Polynomial interpolation is a simple extension of linear interpolation. In general, an n^th degree polynomial is given as

f(x)=\sum_{i=0}^n a_i x^i.

If n=1 then we recover a first-degree polynomial, which is linear. The formula gives $f(x)=\sum_{i=0}^1 a_i x^i = a_0 + a_1 x$ .

In general, if we want to interpolate a set of data using an n^th degree polynomial, then we must determine n+1 coefficients, $a_0 \ldots a_n$ . Therefore, we require n+1 points to interpolate using an n^th degree polynomial.
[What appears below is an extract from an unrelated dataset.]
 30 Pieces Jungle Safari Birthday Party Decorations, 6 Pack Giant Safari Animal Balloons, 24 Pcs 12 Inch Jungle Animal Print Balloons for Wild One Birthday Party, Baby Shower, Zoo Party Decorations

The equations that must be solved are given as

\left[\begin{array}{ccccc} 1 & x_{1} & x_{1}^2 & \cdots & x_{1}^{n}\\ 1 & x_{2} & x_{2}^2 & \cdots & x_{2}^{n}\\ \vdots & \vdots & \vdots & \cdots & \vdots \\ 1 & x_{n+1} & x_{n+1}^2 & \cdots & x_{n+1}^{n}\end{array}\right]\left(\begin{array}{c} a_{0}\\ a_{1}\\ \vdots\\ a_{n}\end{array}\right) = \left(\begin{array}{c} y_{1}\\ y_{2}\\ \vdots\\ y_{n+1}\end{array}\right)
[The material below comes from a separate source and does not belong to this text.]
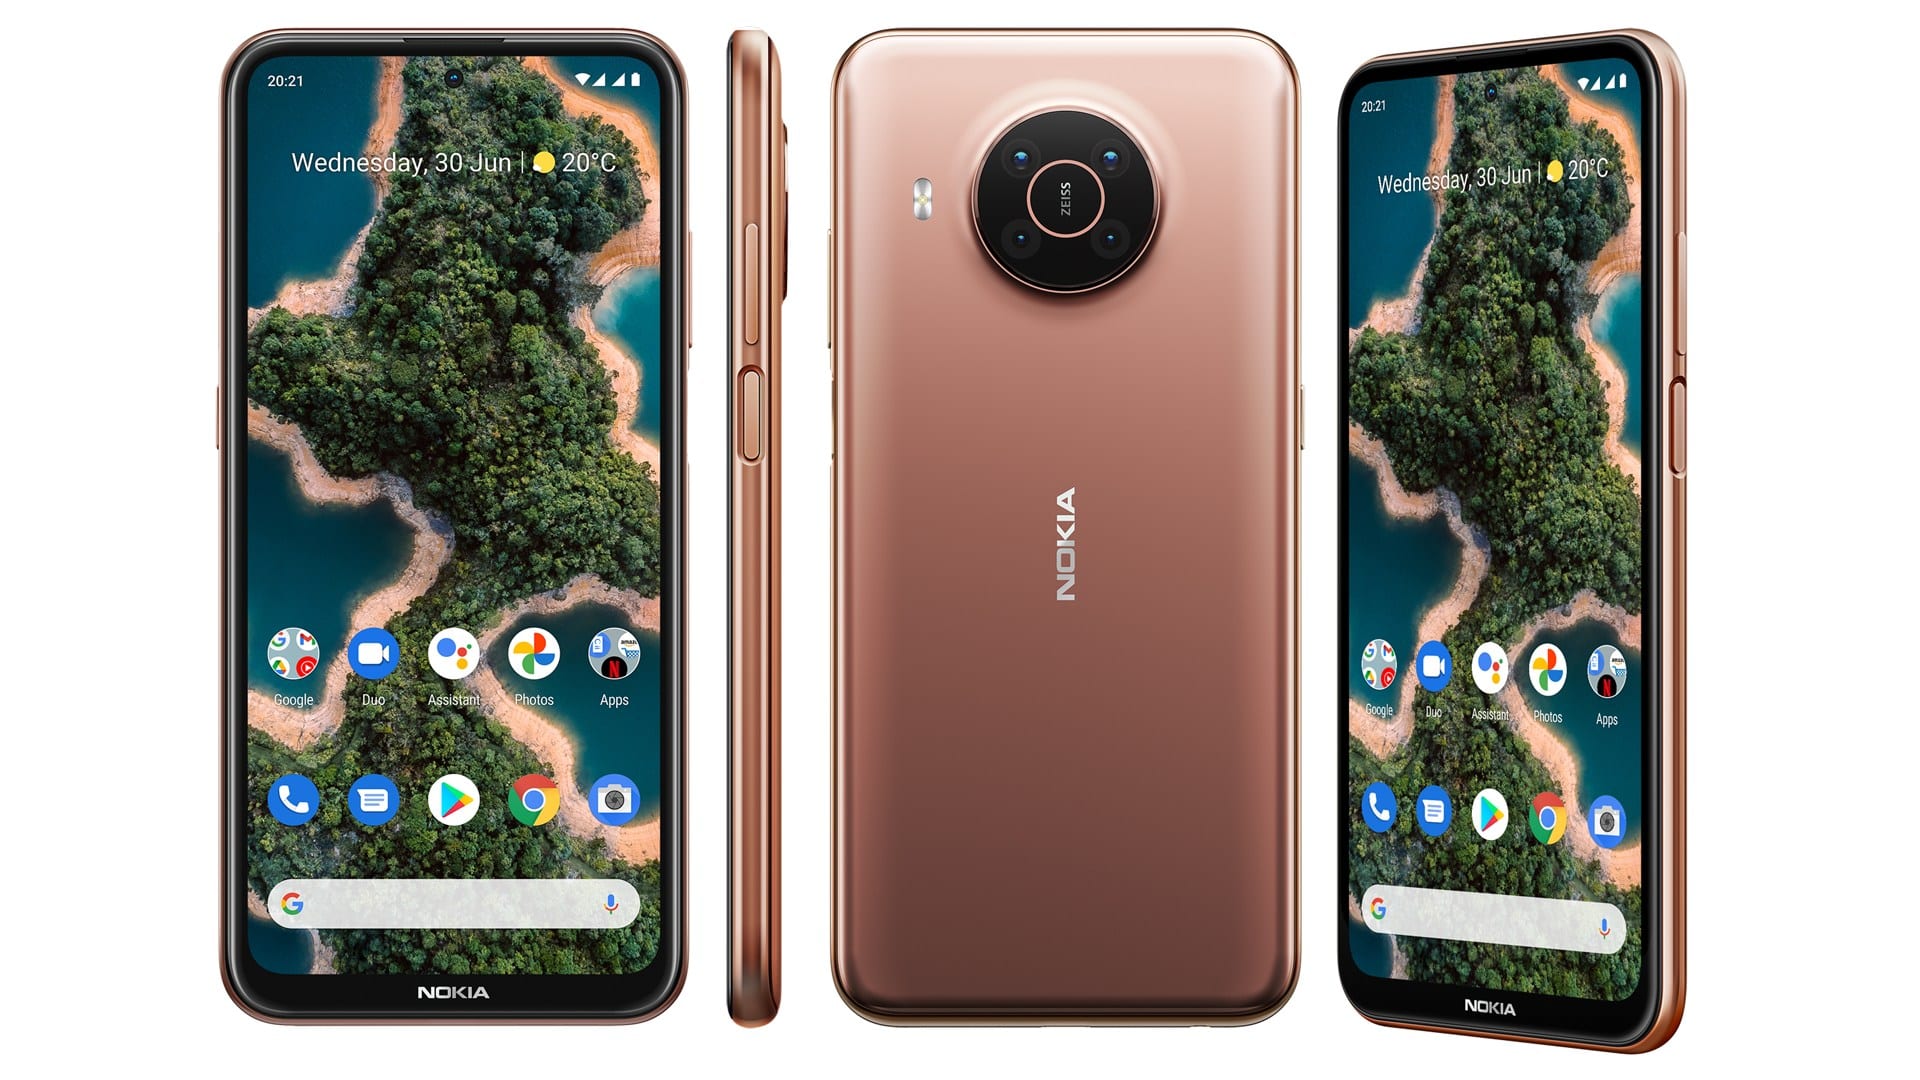 Nokia smartphones with Android

Solving these equations provides the values for the coefficients, $a_0 \ldots a_n$ . Once we know these coefficients, we can evaluate the polynomial at any point.

Example

Using a third degree polynomial and the data in the table above, approximate the density of air at 50 °F and 300 °F.

We require 4 points to fit a third degree polynomial, $a_0, \, a_1, \, a_2, \, a_3$ . The equations to be solved are:

\begin{align} \rho_1 &= a_0 + a_1 T_1 + a_2 T_1^2 + a_3 T_1^3 \\ \rho_2 &= a_0 + a_1 T_2 + a_2 T_2^2 + a_3 T_2^3 \\ \rho_3 &= a_0 + a_1 T_3 + a_2 T_3^2 + a_3 T_3^3 \\ \rho_4 &= a_0 + a_1 T_4 + a_2 T_4^2 + a_3 T_4^3 \end{align}

Once we have solved these equations we have the polynomial coefficients and we can then evaluate the resulting polynomial at any temperature that we wish.

We still must choose what 4 points in the table to use in the above equations. We will choose the 4 points in the table that are closest to the temperature that we wish to interpolate to. Note that if we want to evaluate the density at different temperatures, we may want to use different points in the table to determine the coefficients!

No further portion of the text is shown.